节点文献

汉语专业领域命名实体语义关系自动抽取研究

A Research for Semantic Relation Automatic Extraction among Named Entities in Chinese Professional Domain

【作者】 赵君喆

【导师】 何婷婷;

【作者基本信息】 华中师范大学 , 计算机软件与理论, 2007, 硕士

【摘要】 我们处于一个信息爆炸的时代,互联网上的中文信息在飞速地增长。通过信息抽取技术从浩瀚的中文信息海洋中自动寻找用户所需求的信息则显得至关重要。而命名实体语义关系抽取是信息抽取中的主要任务之一,所以近年来命名实体语义关系抽取研究也成为了我国自然语言处理研究领域中的一个热点。当前汉语的命名实体语义关系抽取研究主要是有指导(Supervised)或弱有导(Weakly Supervise)的方法,且研究对象大多是一般领域的语料。这些方法在训练语料库的标注、关系抽取规则的编制以及初始关系种子的选取上都费时费力;此外,适用于一般领域语料的关系抽取方法难以满足一些专业领域的需求。所以,本文提出了一套适用于专业语料的无指导命名实体语义关系抽取的方案,并实现了该系统。此外,本文还尝试了利用该系统的抽取结果构造关系模板和关系种子。本研究针对专业领域的语料特性,运用语言资源工具对向量空间模型(VSM)进行改进和优化,解决了专业领域语料的特征模糊问题;根据潜在关系信息分布特征,设计了专业领域语料中实体-关系网络的构造方法;利用复杂网络(Complex Networks)理论中的网络社区(Community)特性,实现了在专业领域语料中关系类别的自动发现;通过对词语在上下文中的重要性分析,采用了提取重要性权重最高词作为关系描述词的关系描述方法。本文在专业领域语料平台上对该系统进行了实验,并结合权威评价手段对实验进行了评估,另外还构造了有指导关系抽取系统对实验系统获得的关系进行验证。
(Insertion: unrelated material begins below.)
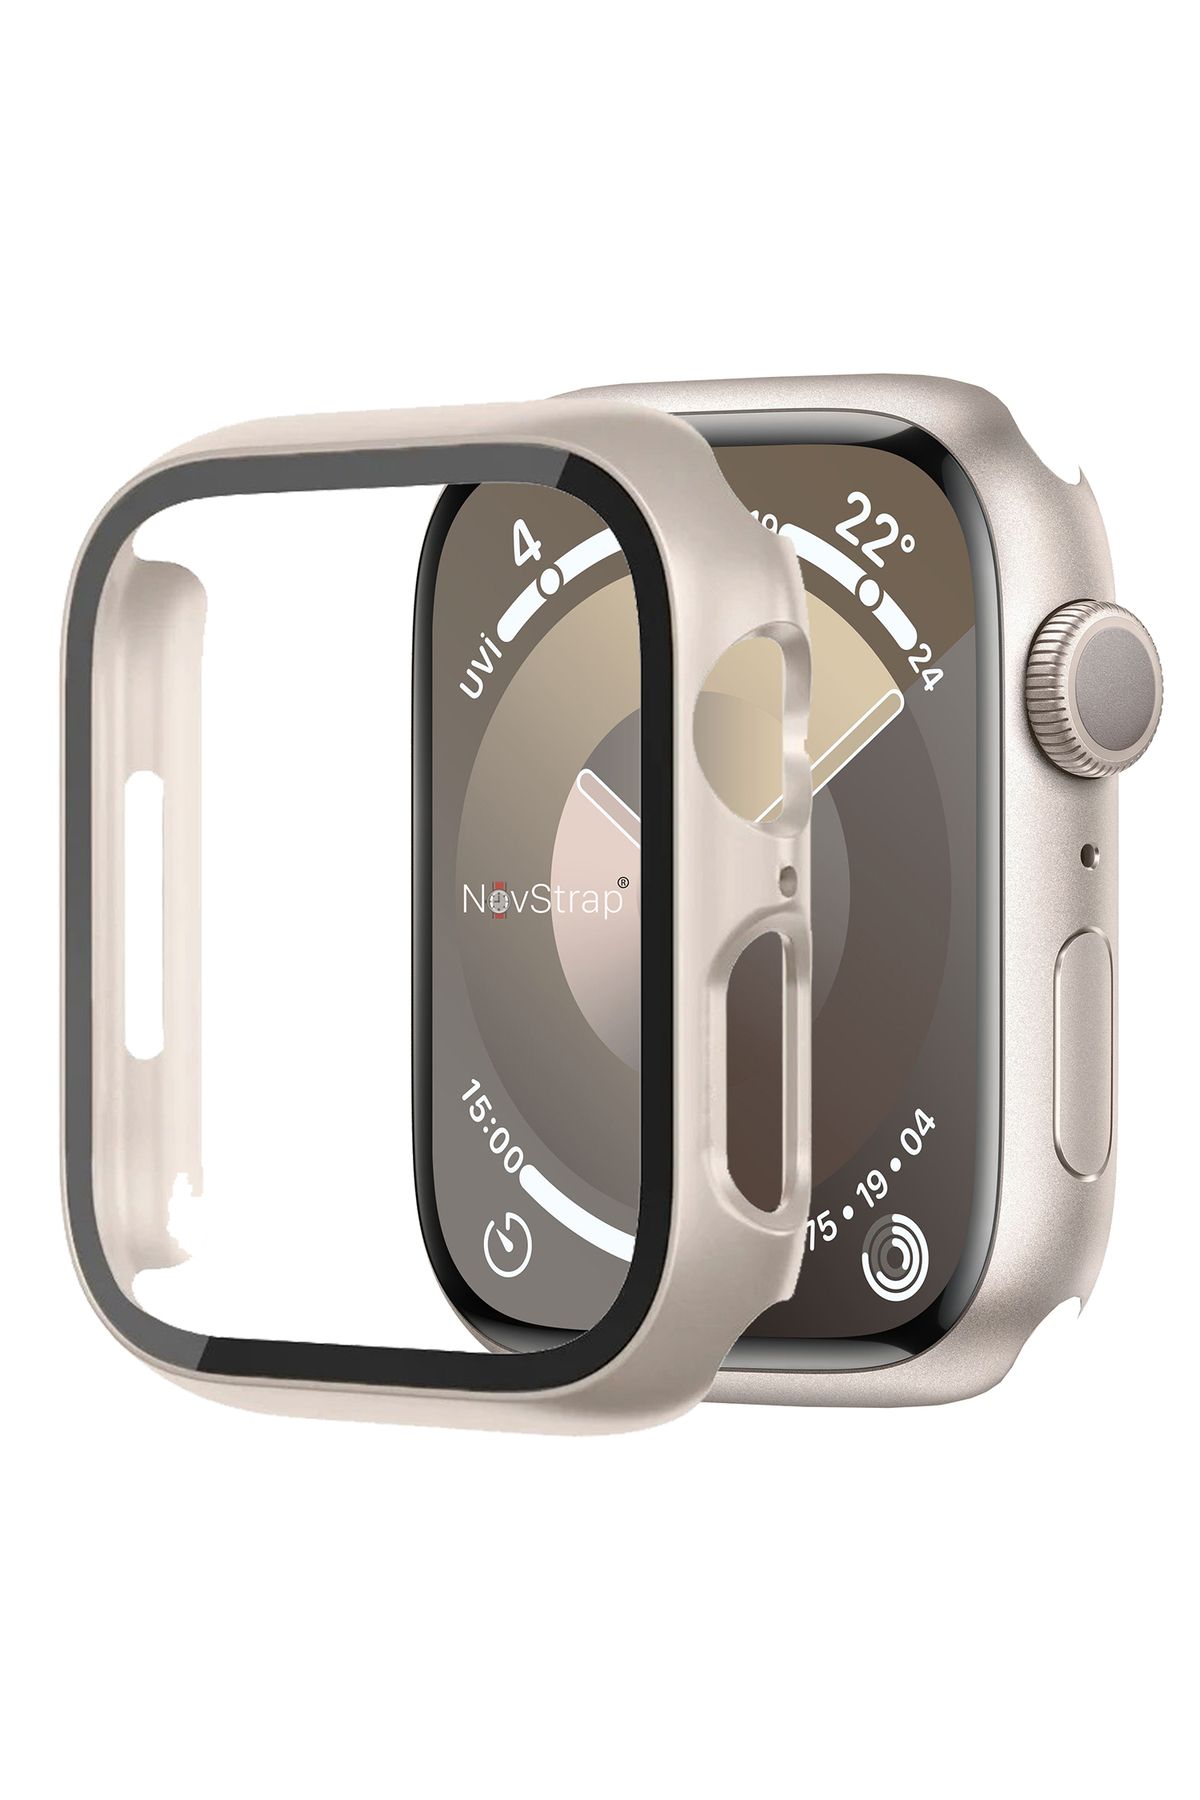 NovStrap Apple Watch 4/5/6/Se Seri 44mm ile Uyumlu Starlight Yıldız Işığı Ekran Kasa Koruyucu Kapak
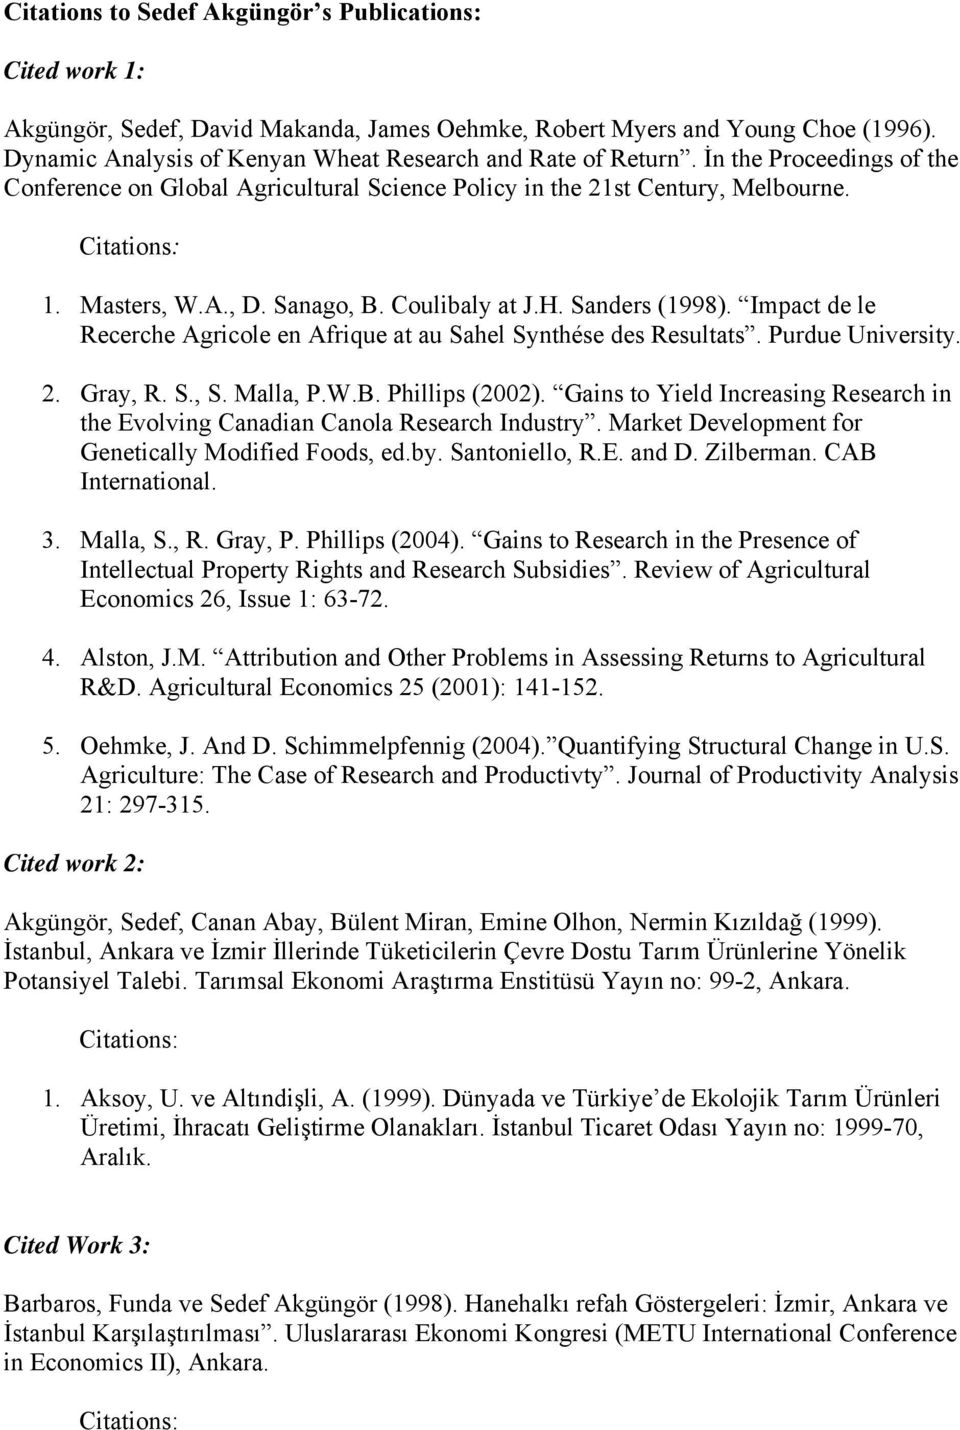 Sanago, B. Coulibaly at J.H. Sanders (1998). Impact de le Recerche Agricole en Afrique at au Sahel Synthése des Resultats. Purdue University. 2. Gray, R. S., S. Malla, P.W.B. Phillips (2002).

最终结果表明:本系统在专业领域语料中不但能发现几乎所有的人们已知的关系种类,而且能发现一些不为人知的关系种类;系统在无指导的情况下,可以快速并比较准确地得到命名实体之间的关系描述。实验证实了本文构造的系统在专业领域语料中及无指导情况下具有良好的性能,同时实验还证实了无指导关系抽取结果对有指导关系抽取系统具有辅助作用。此外,本文还发现该系统提取的关系描述可以为专业领域中关系本体(Ontology)的建设提供依据。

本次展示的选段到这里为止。